A la hora de afrontar una fiesta, según sea su experiencia, los djs pueden tener miedo de que el equipo les falle, de no acertar con el repertorio o que los invitados estén demasiado “chispillas”. Son miedos que se repiten aunque los de perfil más “técnico” no tendrán tanta preocupación por el equipo y los que tengan más don de gentes podrán lidiar con los invitados, estén como estén. Sin embargo, en lo que todos, absolutamente todos, van a estar de acuerdo, es en tener miedo a verse en una circunstancia como ésta. Nos ponemos en situación. Suena el teléfono (o peor aún, una notificación de whatsapp) y te dicen:

“Hola, somos amigos de (fulanito) que te ha contratado para la música. Le hemos preparado un vídeo sorpresa y queríamos hablar contigo del tema”. Y da igual que haga un día de sol espléndido. El cerebro del dj se llena de nubarrones como si estuviese en Mordor…

De entrada, ya hay un error, que ha sido preparar el vídeo antes de hablar. Pero obviando este pequeño detalle, lo que se nos viene encima es difícil de explicar con la lógica: va a haber que hacer un despliegue por sorpresa de pantalla, proyector, cable de audio y, en el mejor de los casos, ordenador (esto lo explicamos más tarde, nunca se sabe si es bueno o malo). Esto, en tiempo récord, sin opción de hacer pruebas en vivo y, sobre todo, con un evento en marcha.

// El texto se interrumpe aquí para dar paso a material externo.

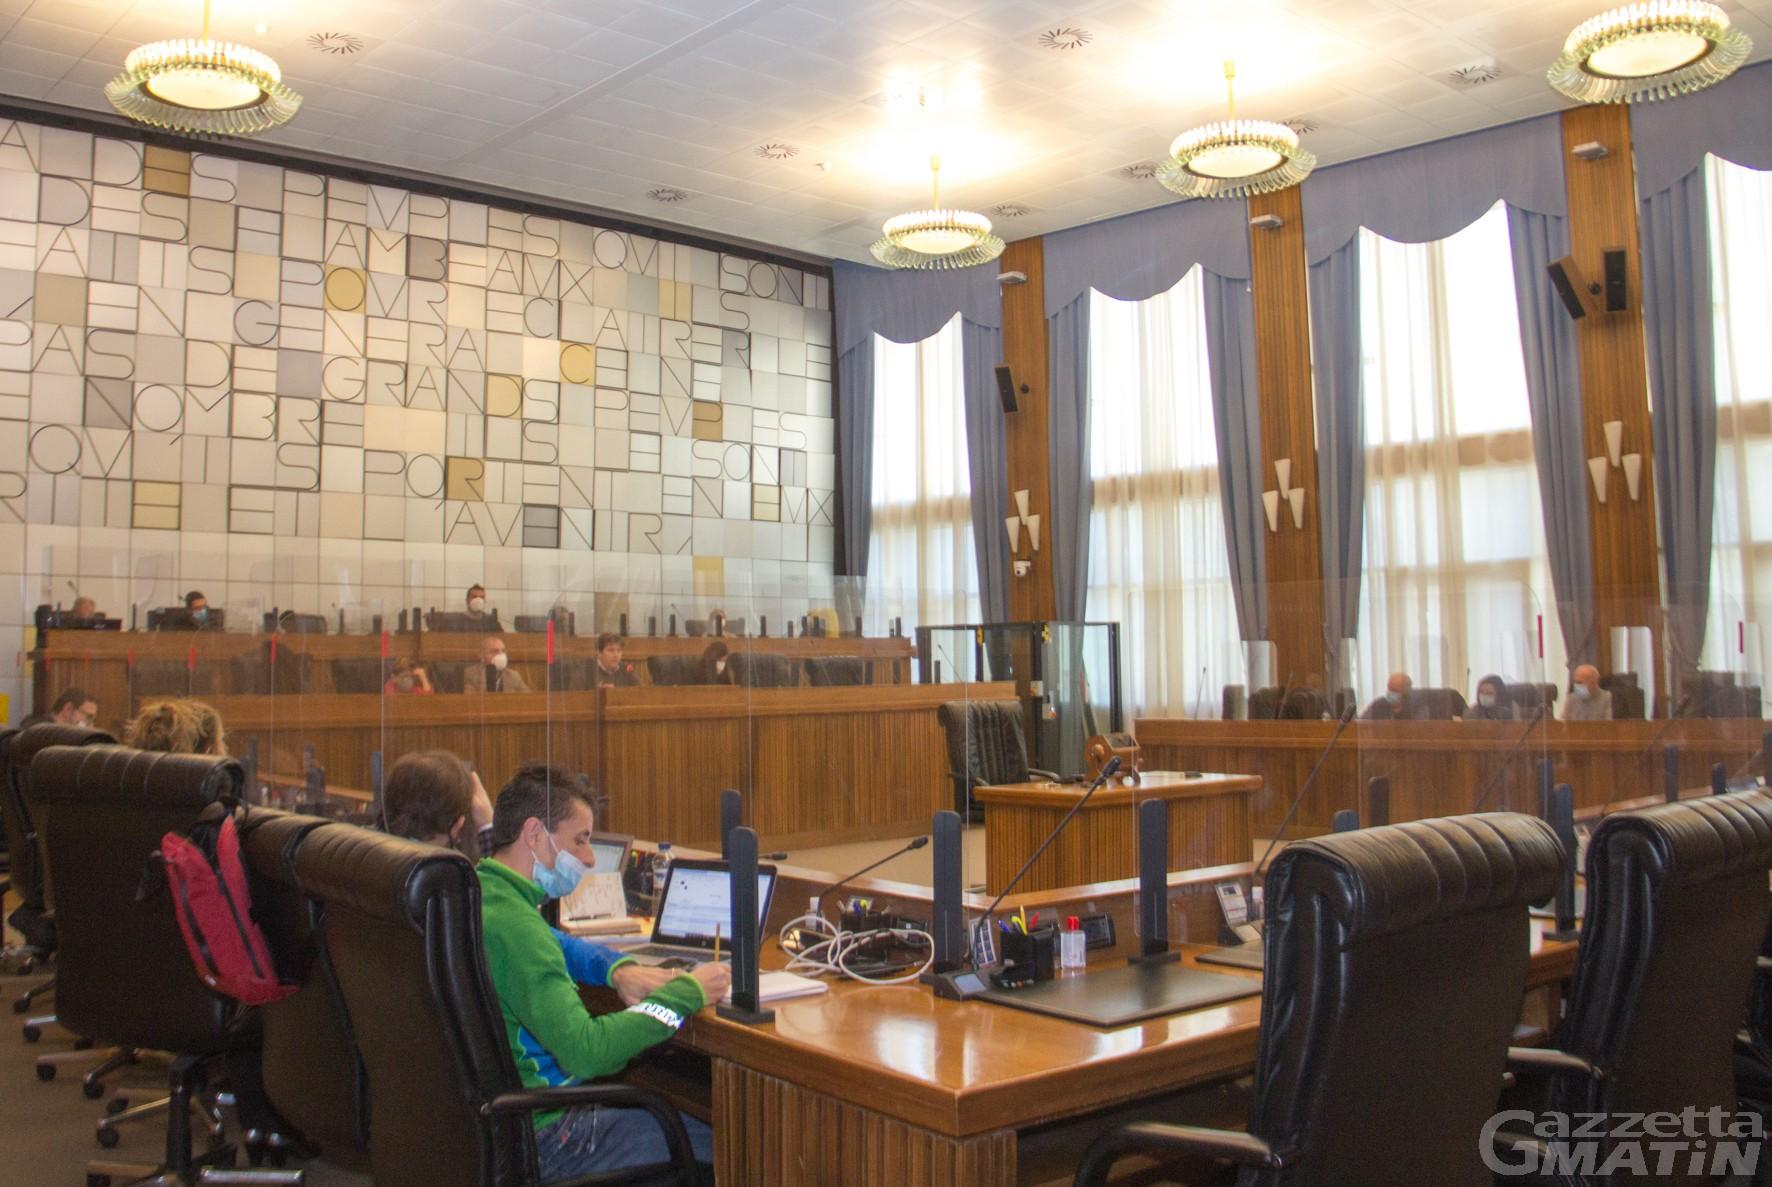 Bilancio regionale in continuità, Malacrinò: esercizio provvisorio scongiurato

Aquí vamos a hacer dos pequeños incisos. El primero va sobre la preparación del vídeo en sí. En cualquier presentación que requiere vídeo (entrega de premios, lanzamiento de un nuevo producto, etc), la prueba se hace antes, con el salón vacío, con todo el tiempo del mundo para calibrar audio y vídeo y con un margen para corregir errores. Nos olvidamos de todo eso en nuestra fiesta: tenemos el salón lleno, invitados que se cruzan, un ejército de camareros pasando, unos homenajeados a los que hay que secuestrar (a veces, literalmente) para que no vean los preparativos y, lo mejor de todo, es que no podemos probar el sonido para no desvelar la sorpresa. Muchas veces, la sorpresa nos la llevamos nosotros, cuando comprobamos que el vídeo no tiene sonido, ya con todo el mundo mirando. Si la fiesta es un globo, en ese momento se deshincha…

video mudo

glups, el vídeo no tiene sonido 🙁

El segundo inciso va sobre lo idóneo del momento. Porque el vídeo siempre se incrusta en el protocolo de la fiesta como un trozo de comida entre los dientes. Que puedes vivir con ello, pero te interfiere. Si además le sumamos que la idea original es que el vídeo se proyecte en el momento más crítico de la fiesta (si es una boda, antes del baile de los novios; si es un homenaje, justo cuando se van a dar los regalos) la posibilidad de cargarnos la emotividad del momento cumbre por un mal funcionamiento del vídeo es cerca del pleno. Y nuestro globo ya no es que esté deshinchado, es que se pincha directamente.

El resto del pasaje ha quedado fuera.